En 2011, Pheu Thai, la troisième incarnation du parti de Thaksin, a remporté la majorité avec Yingluck Shinawatra, la sœur cadette de Thaksin, devenant Premier ministre. Une fois de plus, cependant, Bangkok s’est fortement penché contre le parti thaksinite avec 23 sièges sur 33 pour les démocrates. Dans ce cas aussi, le gouvernement n’a pas survécu au mandat. Une nouvelle incarnation des chemises jaunes nommée le People’s Democratic Reform Committee (PDRC) a mené des manifestations de masse à la fin de 2013 et au début de 2014 contre le gouvernement pour corruption présumée dans un programme de mise en gage de riz et pour un projet de loi d’amnistie politique qui aurait potentiellement absous Thaksin de accusations de corruption.
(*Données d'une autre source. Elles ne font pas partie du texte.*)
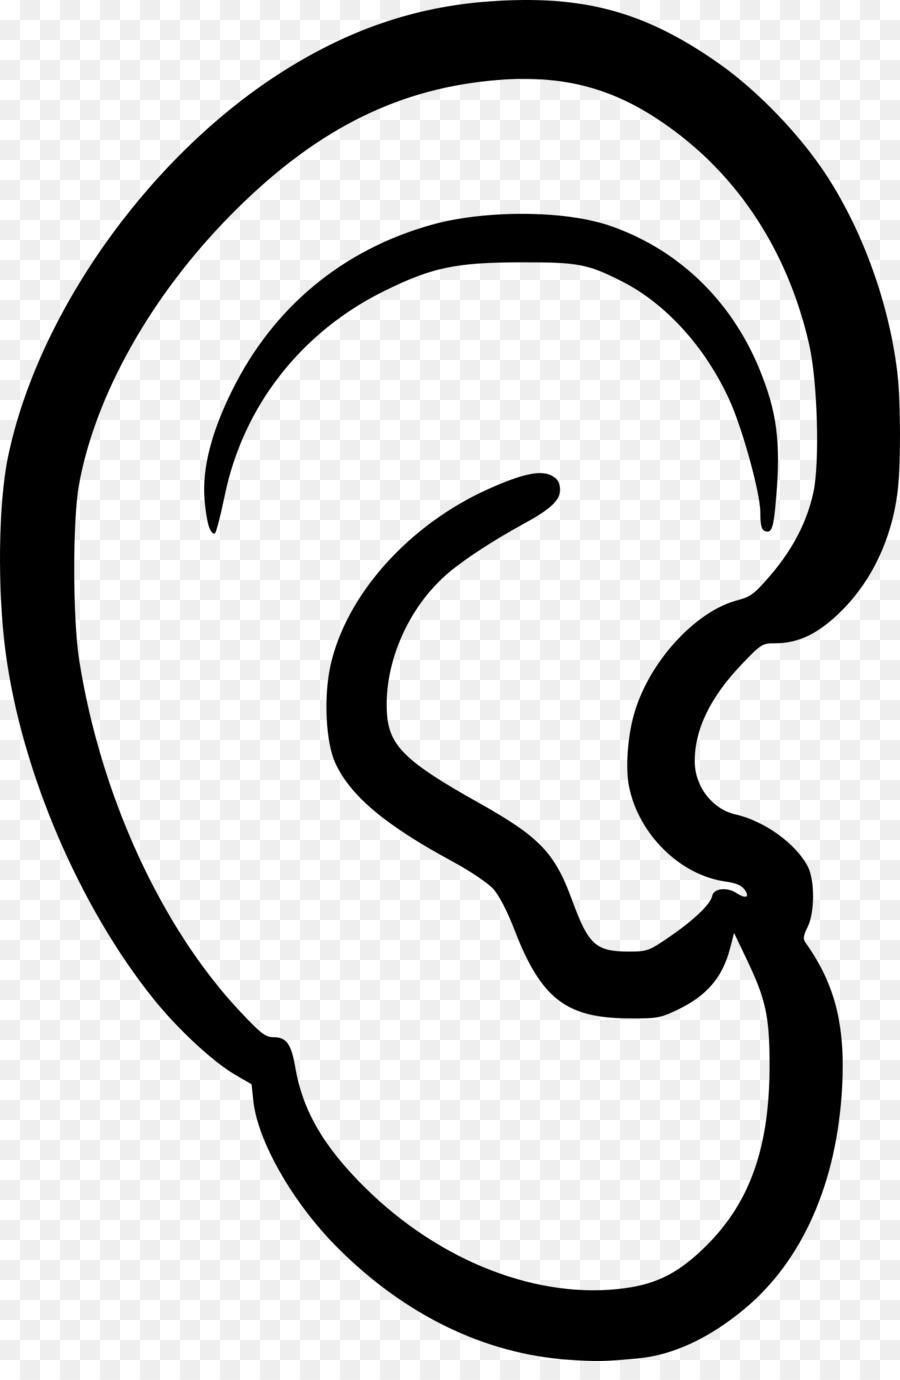 Anatomía del oído Clip art - oreja de oro png dibujo - Transparente ...

Le PDRC a par la suite saboté la tentative du gouvernement d’organiser des élections anticipées en bloquant les bureaux de vote, contribuant ainsi à fomenter le coup d’État de Prayut en mai 2014.
Après cinq ans de règne direct de la junte, des élections ont eu lieu en 2019. Alors que le Pheu Thai a de nouveau remporté le plus grand nombre de sièges, la Constitution de 2017 rédigée par l’armée a permis à Prayut de rester Premier ministre dans un gouvernement minoritaire avec le soutien de l’armée. Sénat. Lors de cette élection, le parti Palang Pracharath aligné sur l’armée de Prayut a remporté une pluralité de 12 sièges à Bangkok, les 18 sièges restants étant également répartis entre Pheu Thai et Future Forward. Malgré d’importantes manifestations menées par des jeunes en 2020 après la dissolution de Future Forward, Prayut a terminé son mandat, qui s’est terminé avec les élections du 14 mai.
Remarquablement, après 15 ans de penchant vers les partis conservateurs et pro-militaires, Bangkok n’a actuellement aucune circonscription électorale représentée par l’une de ces forces. Le seul siège que Future Forward n’a pas réussi à remporter lors des récentes élections est allé à Pheu Thai. Notamment, les victoires du MFP se sont produites non seulement dans la classe ouvrière de Thonburi, mais aussi dans les quartiers les plus riches de la ville.
Alors que les habitants de Bangkok appellent clairement au changement, l’utilisation de sales tours comme la dissolution des partis et l’interdiction des dirigeants du parti pourrait entraîner un niveau de troubles urbains que l’establishment politique thaïlandais pourrait être réticent à déclencher et à gérer par la suite. Ces dernières années, confrontées à des gouvernements ou à des mouvements politiques de province qui ne leur plaisaient pas, les élites thaïlandaises pouvaient compter sur Bangkok, et en particulier sur la classe moyenne de Bangkok, pour s’appuyer. Cette hypothèse ne semble plus tenir, et cela pourrait indiquer un changement radical dans la politique thaïlandaise.